Essa ampla presença latino-americana reforça o peso político da região na disputa, embora a decisão final dependa, sobretudo, do aval dos cinco membros permanentes do Conselho de Segurança, que têm poder de veto.
Quem são os demais candidatos
Além dos representantes latino-americanos, a disputa conta com outros dois nomes de destaque. Um deles é o ex-presidente do Senegal Macky Sall, que governou o país entre 2012 e 2024 e aposta na experiência política e na defesa de uma maior presença africana nas instâncias de decisão global.
A outra candidata é a diplomata Carolyn Rodrigues-Birkett, da Guiana, atual representante permanente do país na ONU. De origem indígena ameríndia, ela entrou mais recentemente na disputa e defende o fortalecimento do multilateralismo, uma ONU mais eficiente e capaz de responder aos desafios contemporâneos.
Em fevereiro, o presidente Luiz Inácio Lula da Silva declarou que o Brasil apoiaria a candidatura de Michelle Bachelet, assim como o México.
Processo de escolha ganha mais transparência
A principal mudança em relação às eleições anteriores é o aumento da transparência. Desde 2016, a ONU passou a adotar um processo mais aberto para a escolha do secretário-geral, e as regras foram reforçadas por uma resolução aprovada no ano passado.
Agora, as candidaturas são divulgadas oficialmente, junto com os currículos, as propostas de cada concorrente e informações sobre o financiamento das campanhas.
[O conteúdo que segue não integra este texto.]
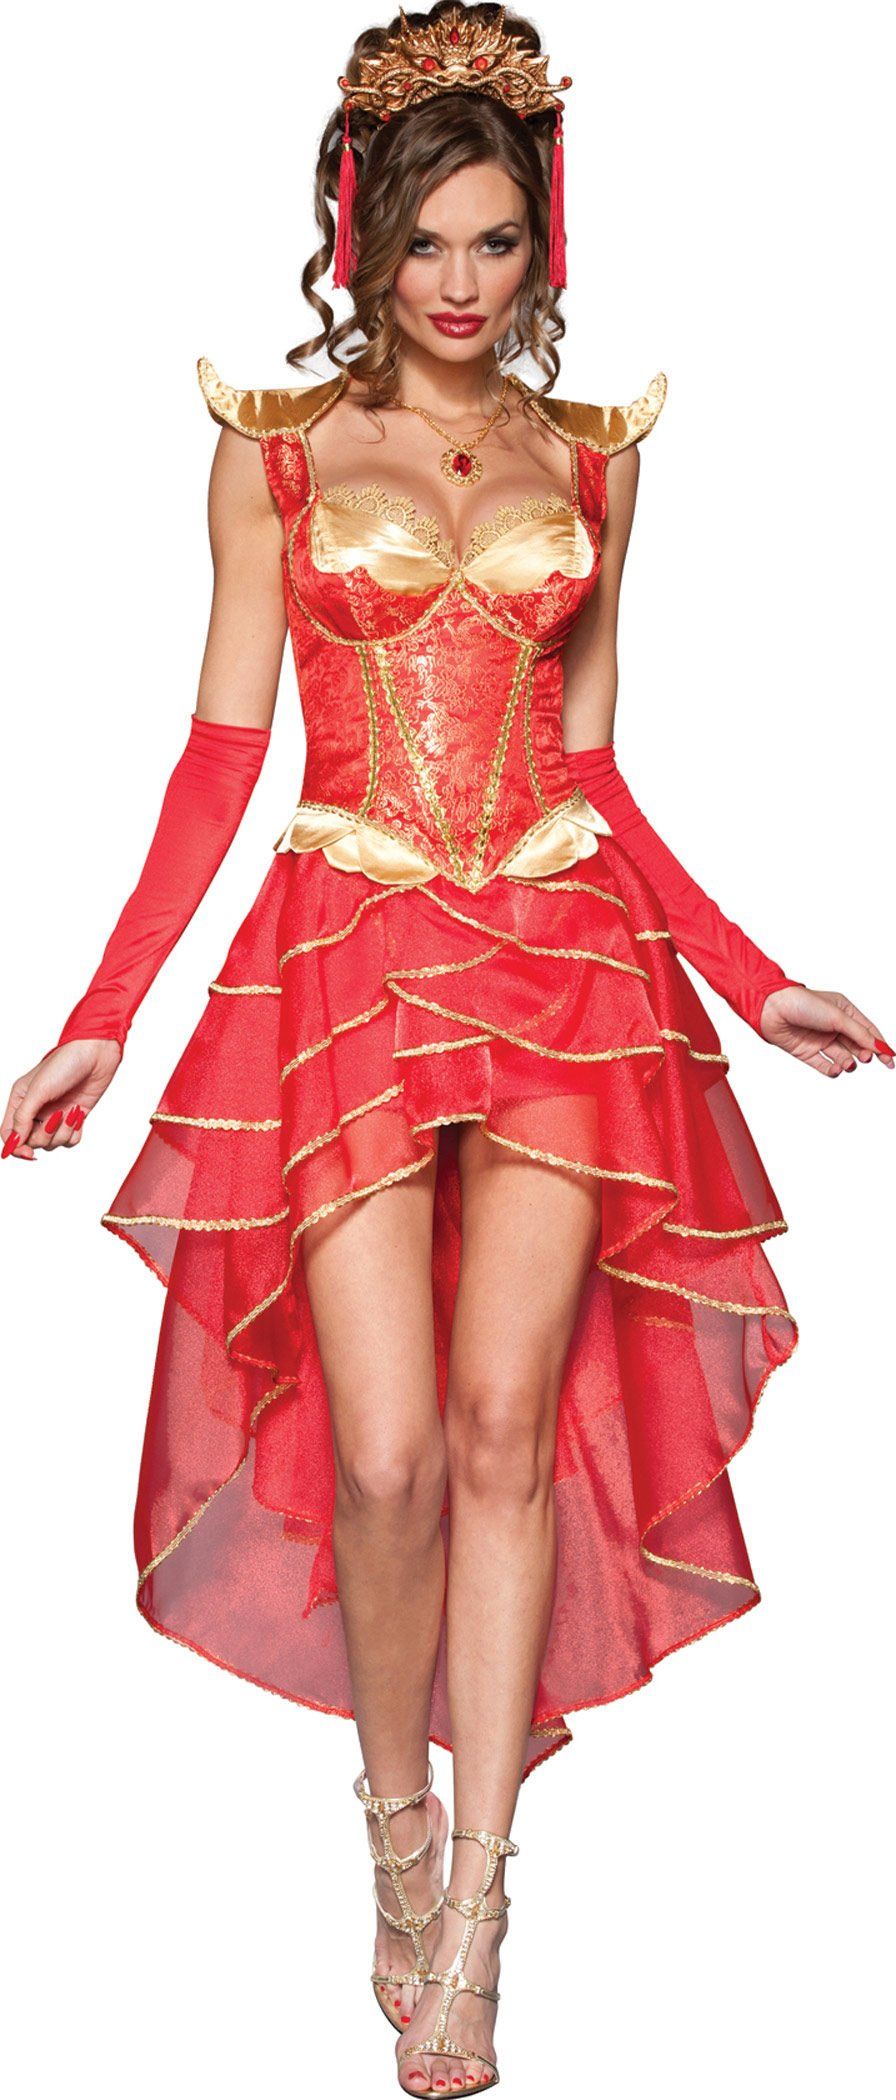 Milan reccomend Adult asian princess costume

Outra novidade é a realização de debates e diálogos públicos, como o desta quinta-feira, em que os candidatos apresentam suas prioridades e respondem a perguntas de representantes dos Estados-membros e da sociedade civil.
Embora a decisão continue nas mãos do Conselho de Segurança e da Assembleia Geral, o processo se tornou mais transparente e permite um escrutínio muito maior por parte da comunidade internacional.
Quais serão os próximos passos
Findada a etapa de debates públicos, o processo entra na fase de negociações diplomáticas. A escolha passa para o Conselho de Segurança, onde o candidato precisa obter pelo menos nove votos favoráveis e, principalmente, não ser vetado por nenhum dos cinco membros permanentes.
Só depois dessa recomendação é que o nome segue para a Assembleia Geral da ONU, formada pelos 193 Estados-membros, responsável pela nomeação oficial. O mandato é de cinco anos, com possibilidade de uma recondução.
A eleição deste ano também pode marcar um momento histórico. A organização poderá ter, pela primeira vez em seus 80 anos, uma mulher no comando das Nações Unidas.